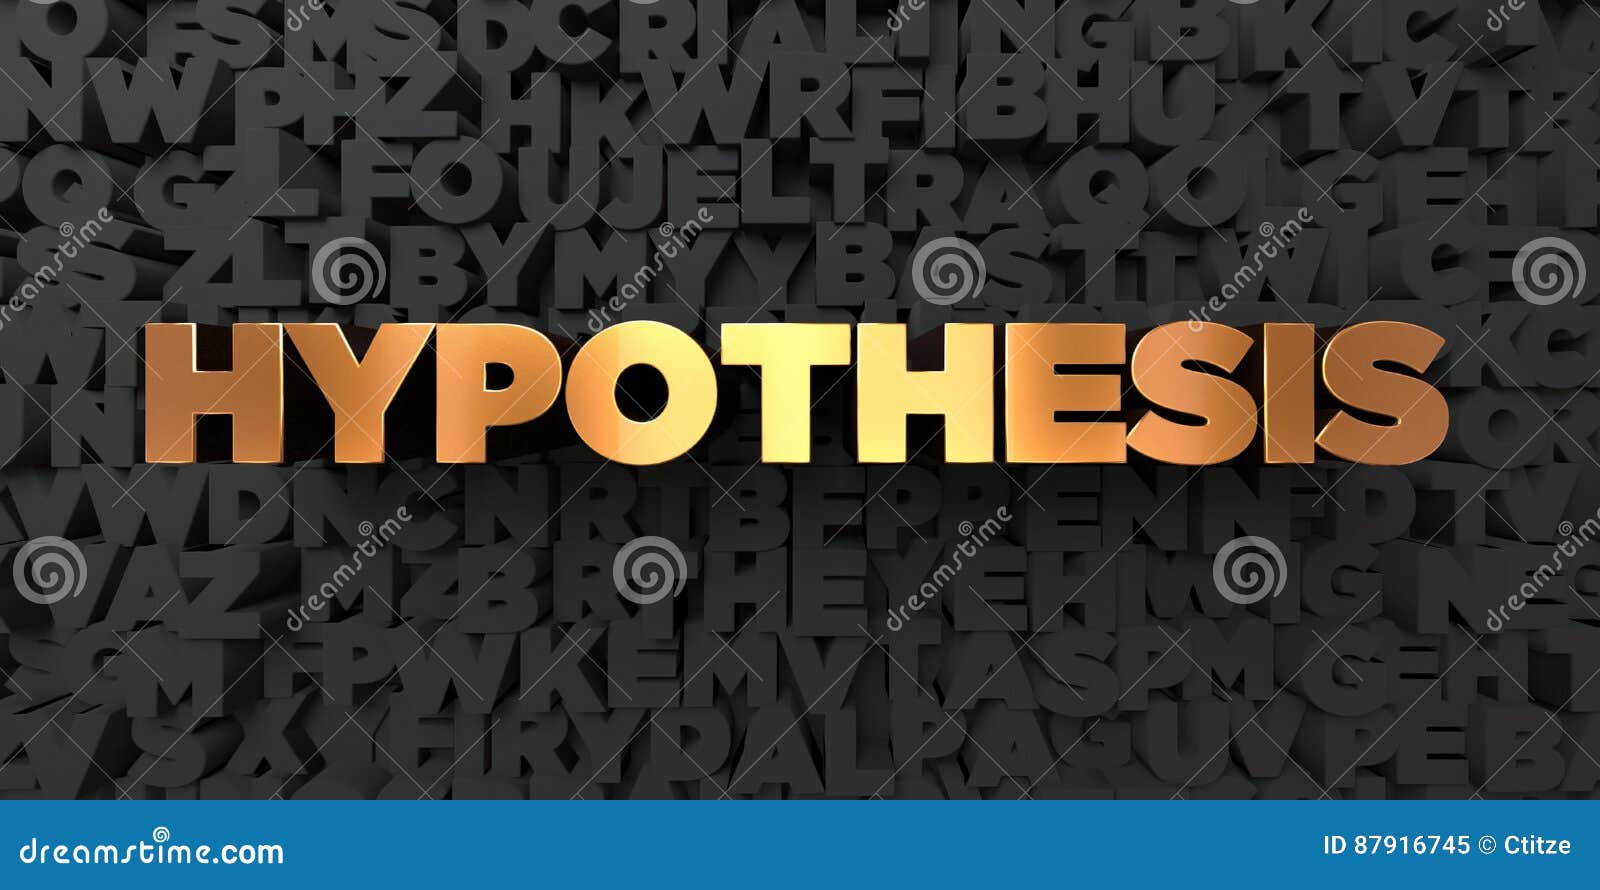 Hypotes
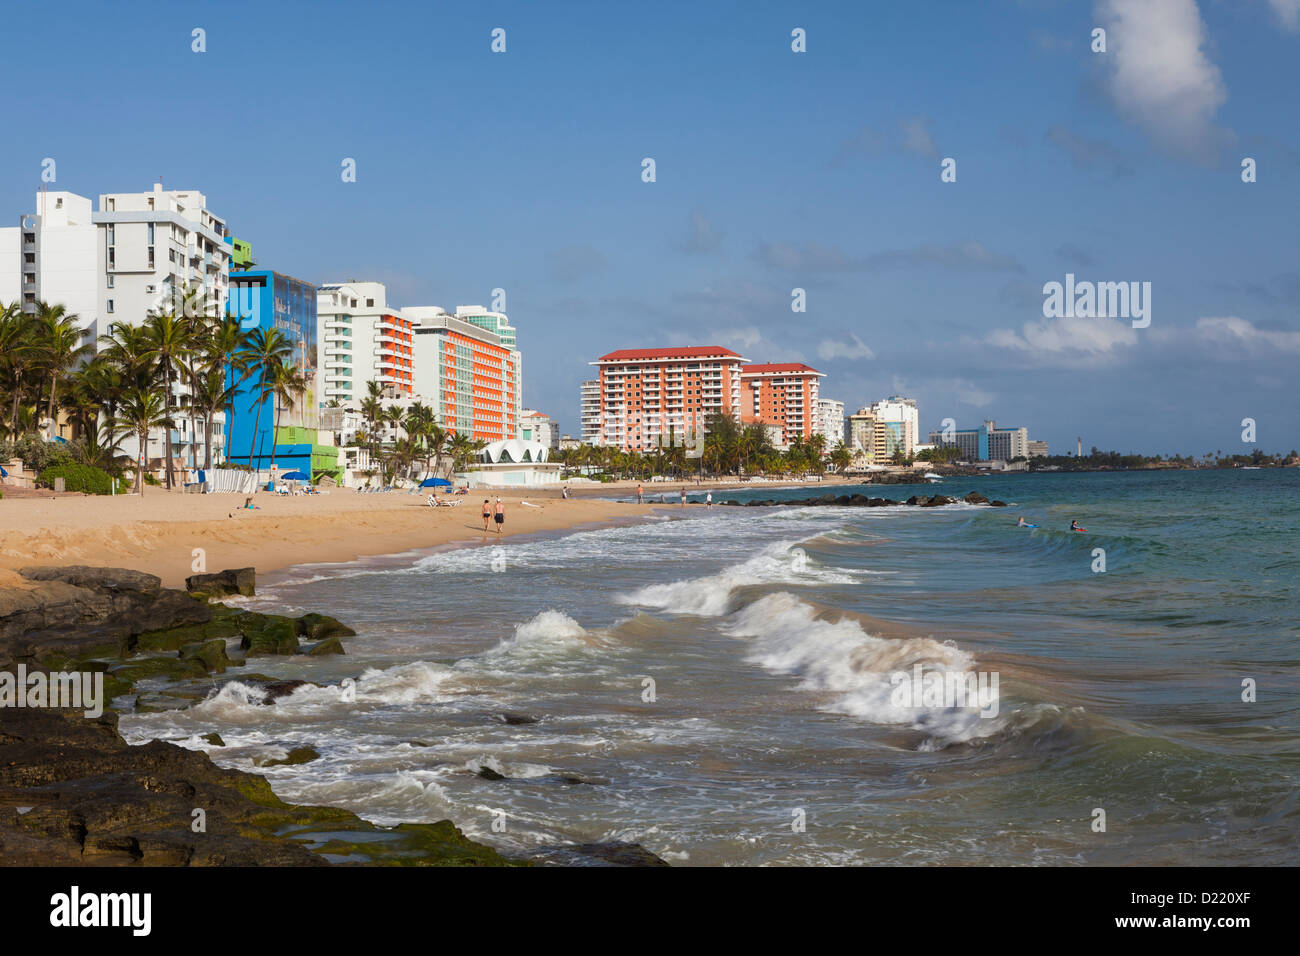 Hotels Along Condado Beach San Juan Puerto Rico Stock Photo Alamy
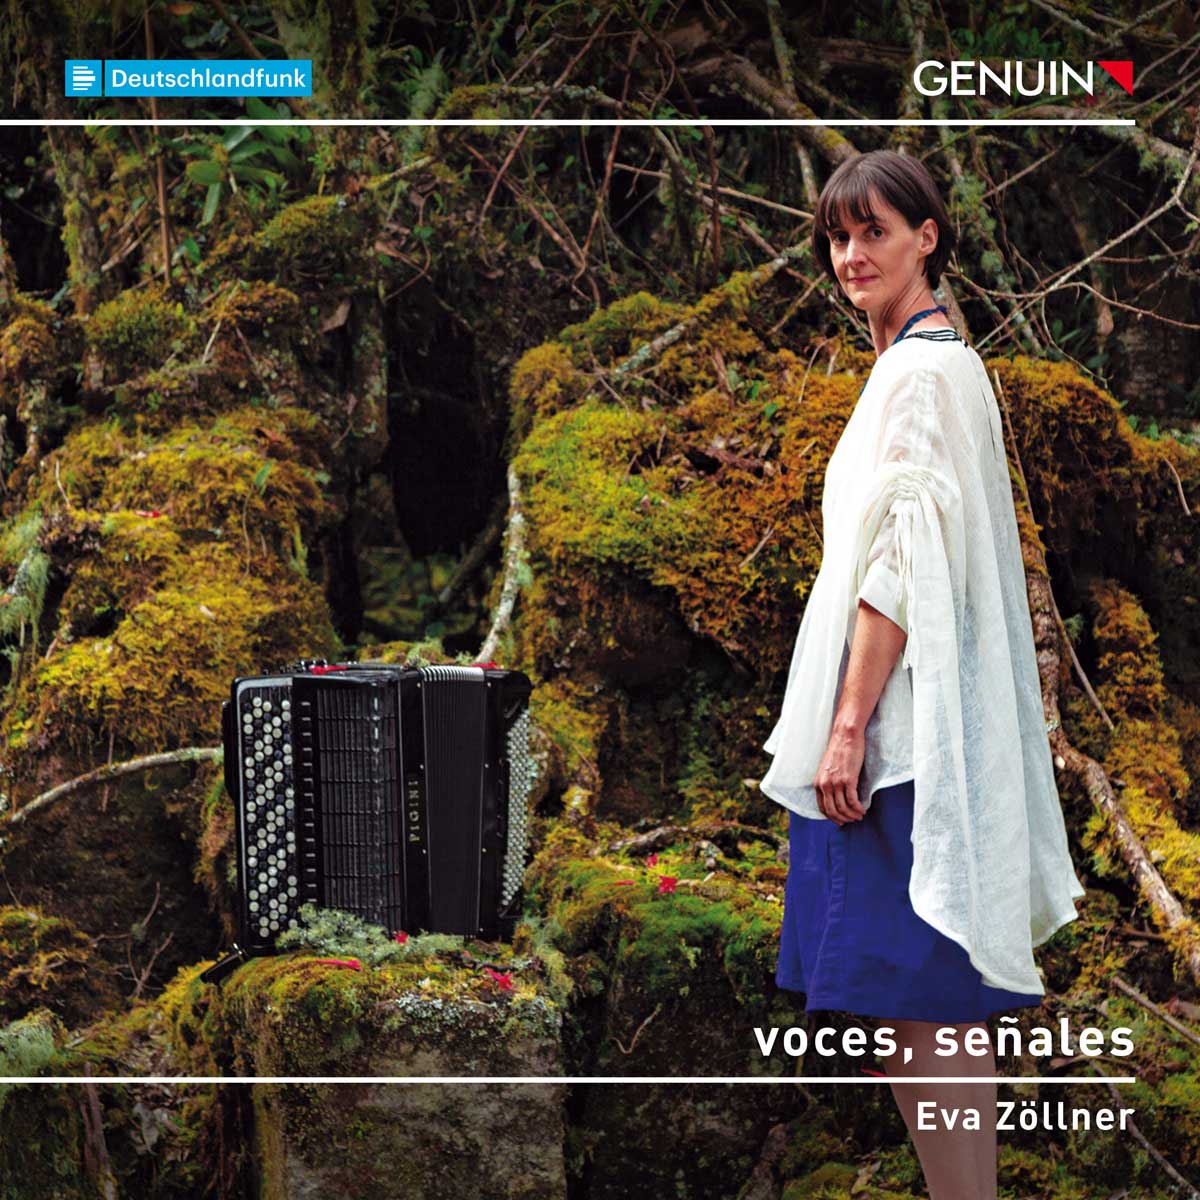 CD album cover 'voces, señales' (GEN 23838) with Eva Zöllner
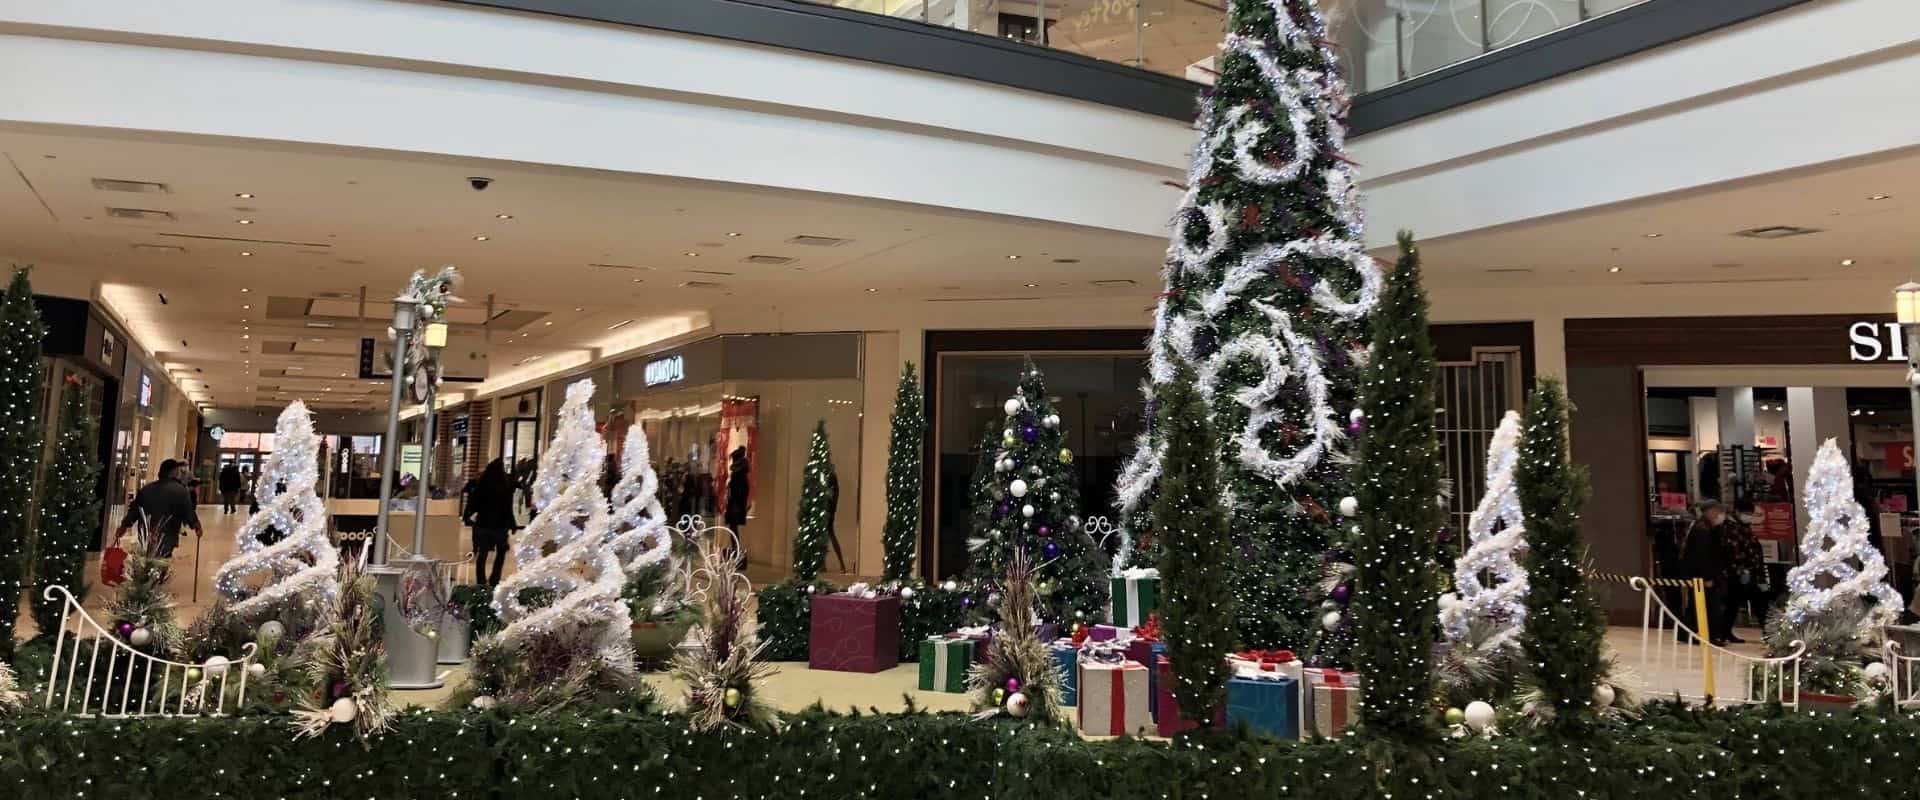 Décor de Noël dans un centre commercial
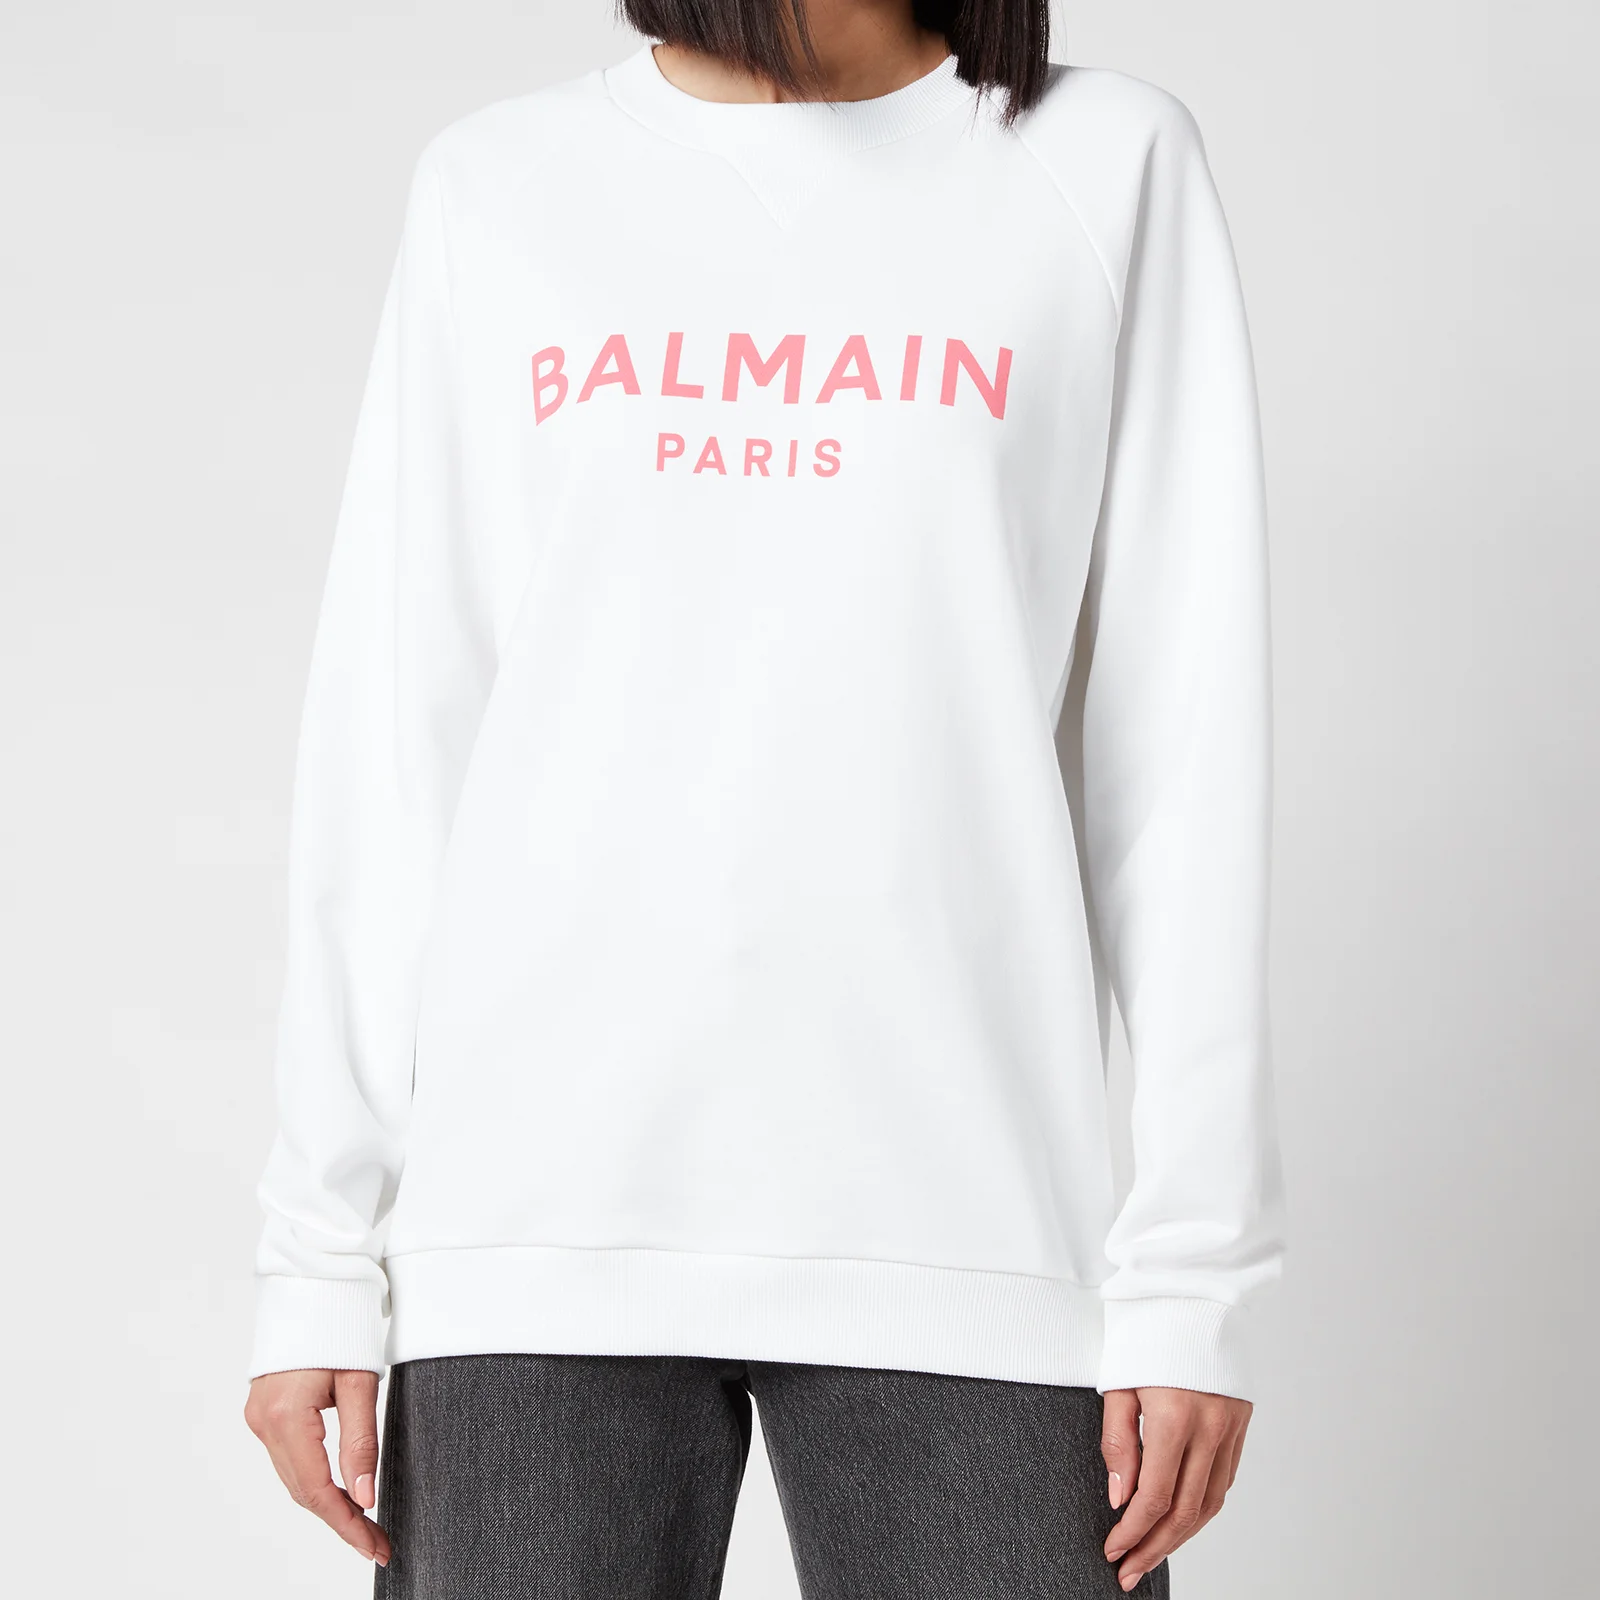 Balmain Women's Printed Logo Sweatshirt - Blanc/Rose Image 1

• _DIRECTIONS_
Where pictures appear, skip them and transcribe all other material word for word.

• _YOUR RESPONSE_
 Hypotes
 Hotels Along Condado Beach San Juan Puerto Rico Stock Photo Alamy
 CD album cover 'voces, señales' (GEN 23838) with Eva Zöllner
 Décor de Noël dans un centre commercial
 Balmain Women's Printed Logo Sweatshirt - Blanc/Rose Image 1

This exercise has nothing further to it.